■ **How to complete this task**
Exact reproduction is required for the lines below starting at the line with "姑 step-by-step stroke order diagrams" and ending at the line with "Livfree Women's Mock", both included. No other lines, and no pictures.

■ **Data provided**
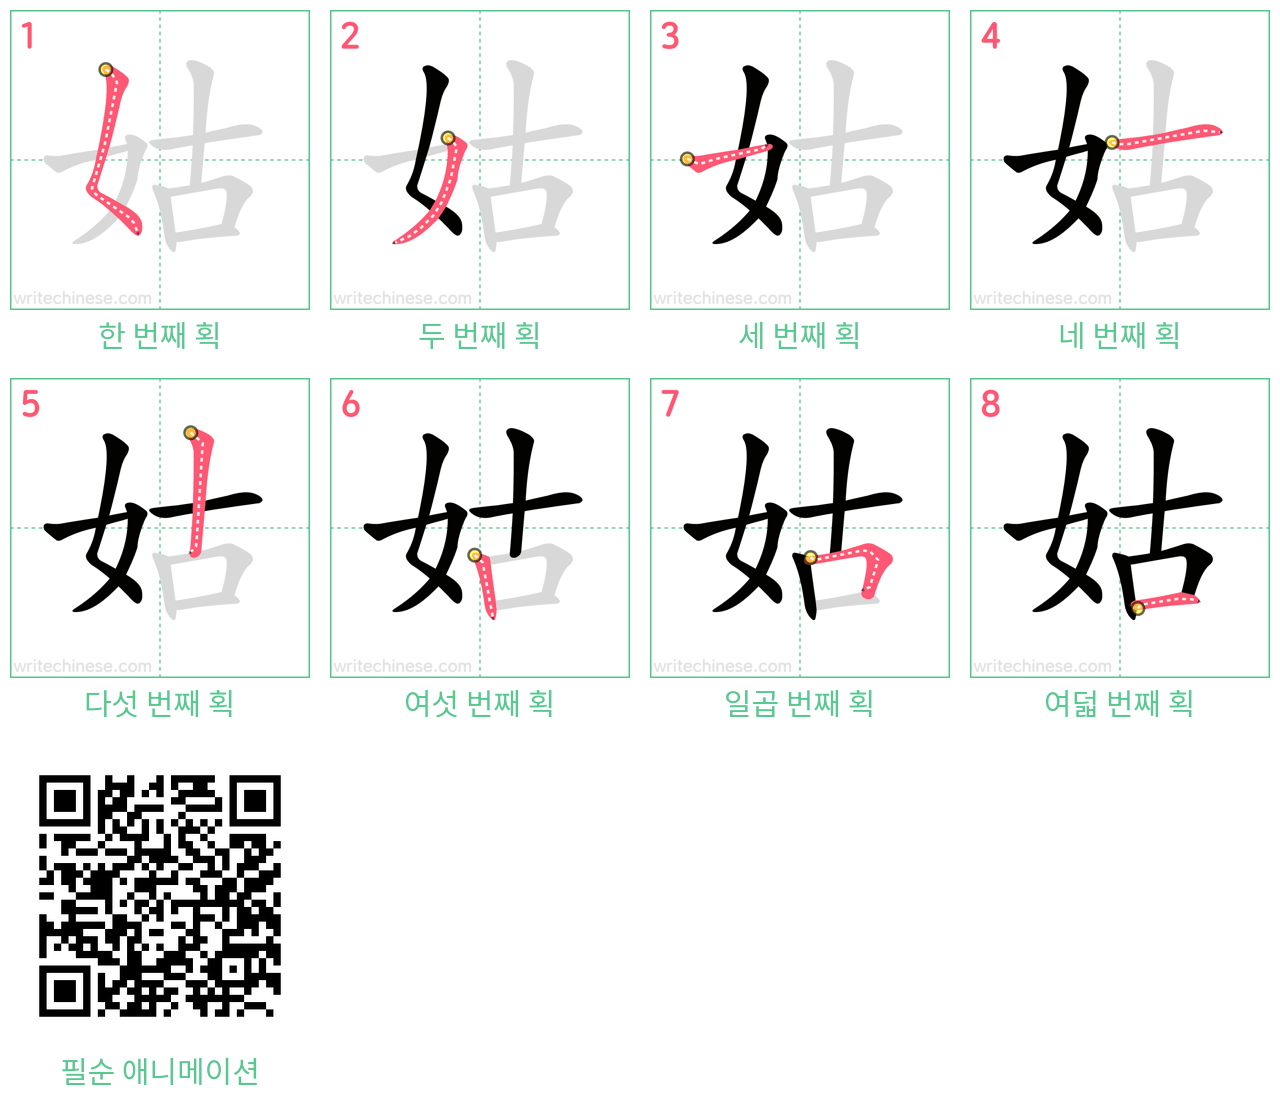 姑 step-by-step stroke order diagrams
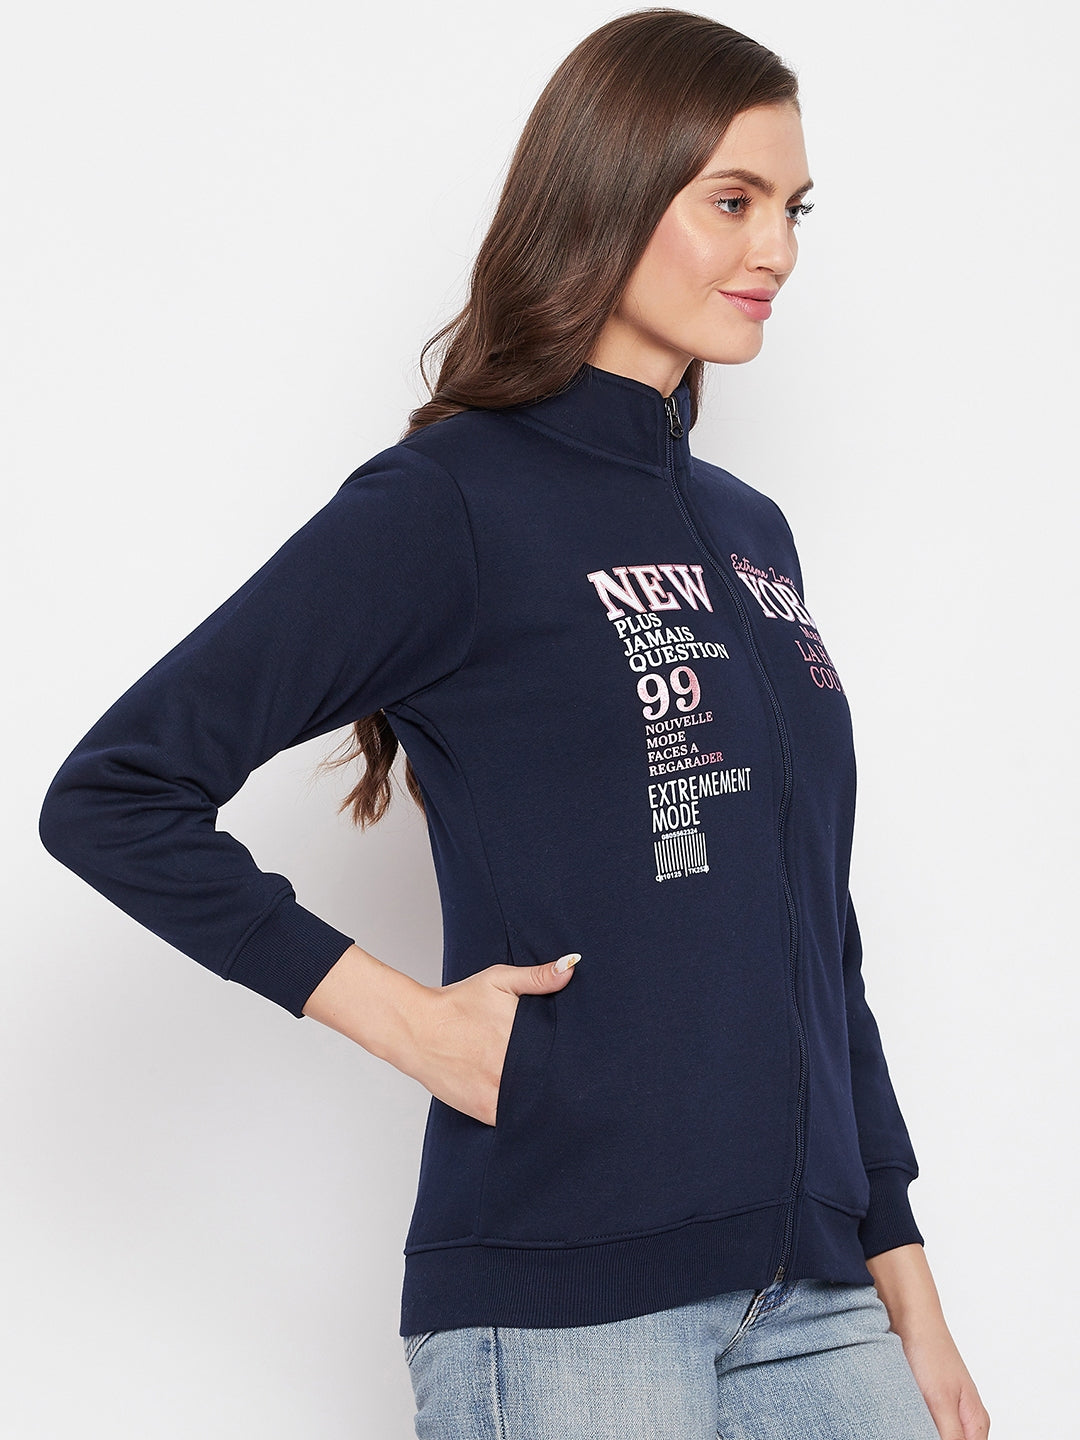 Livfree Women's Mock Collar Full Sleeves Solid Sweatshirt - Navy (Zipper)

--

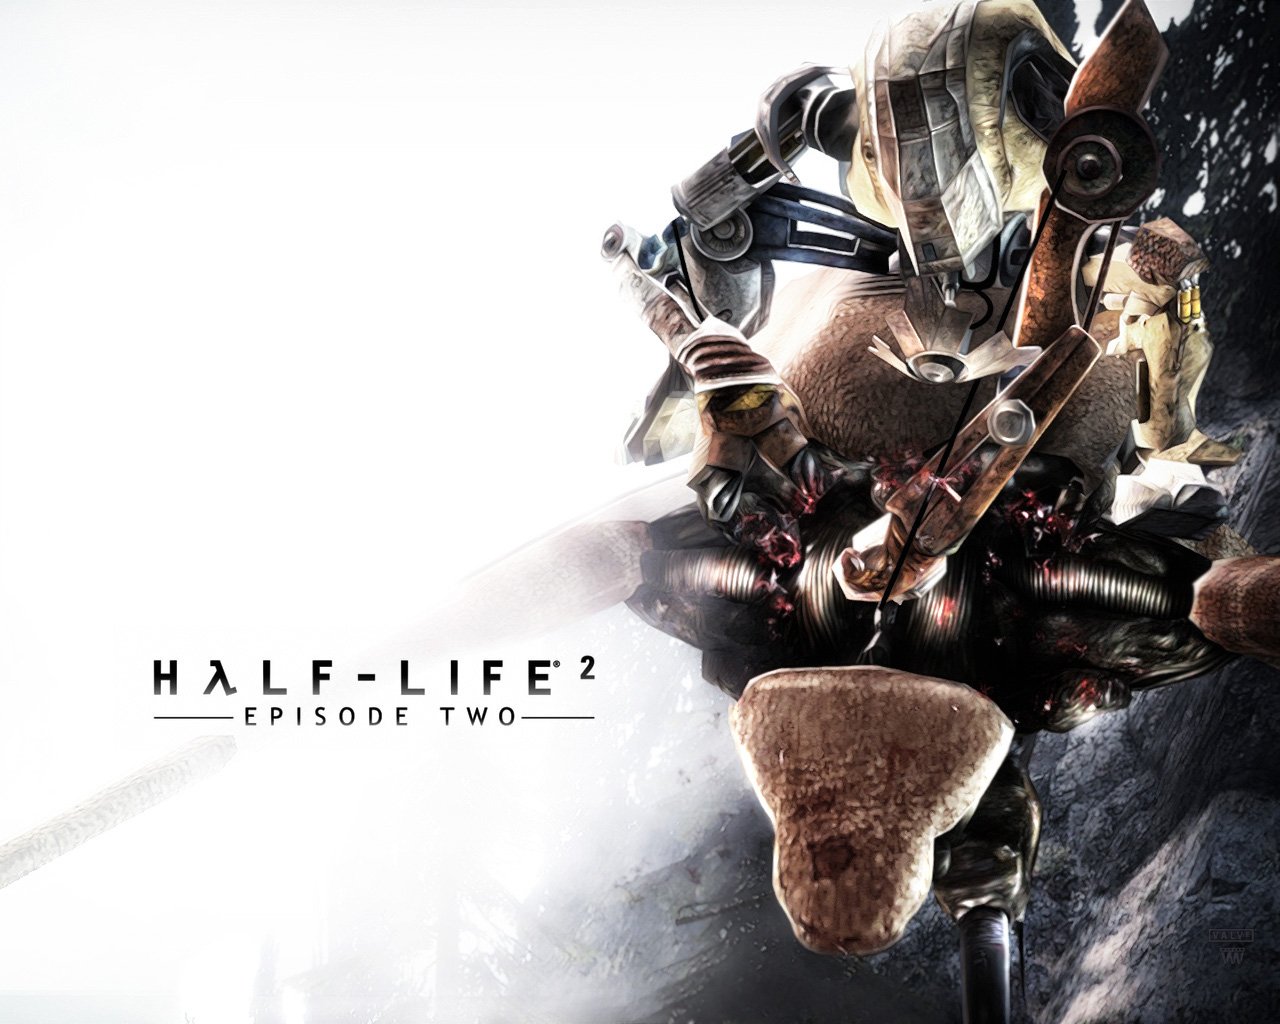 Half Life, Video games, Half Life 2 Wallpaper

■ **Your response**
 姑 step-by-step stroke order diagrams
 Livfree Women's Mock Collar Full Sleeves Solid Sweatshirt - Navy (Zipper)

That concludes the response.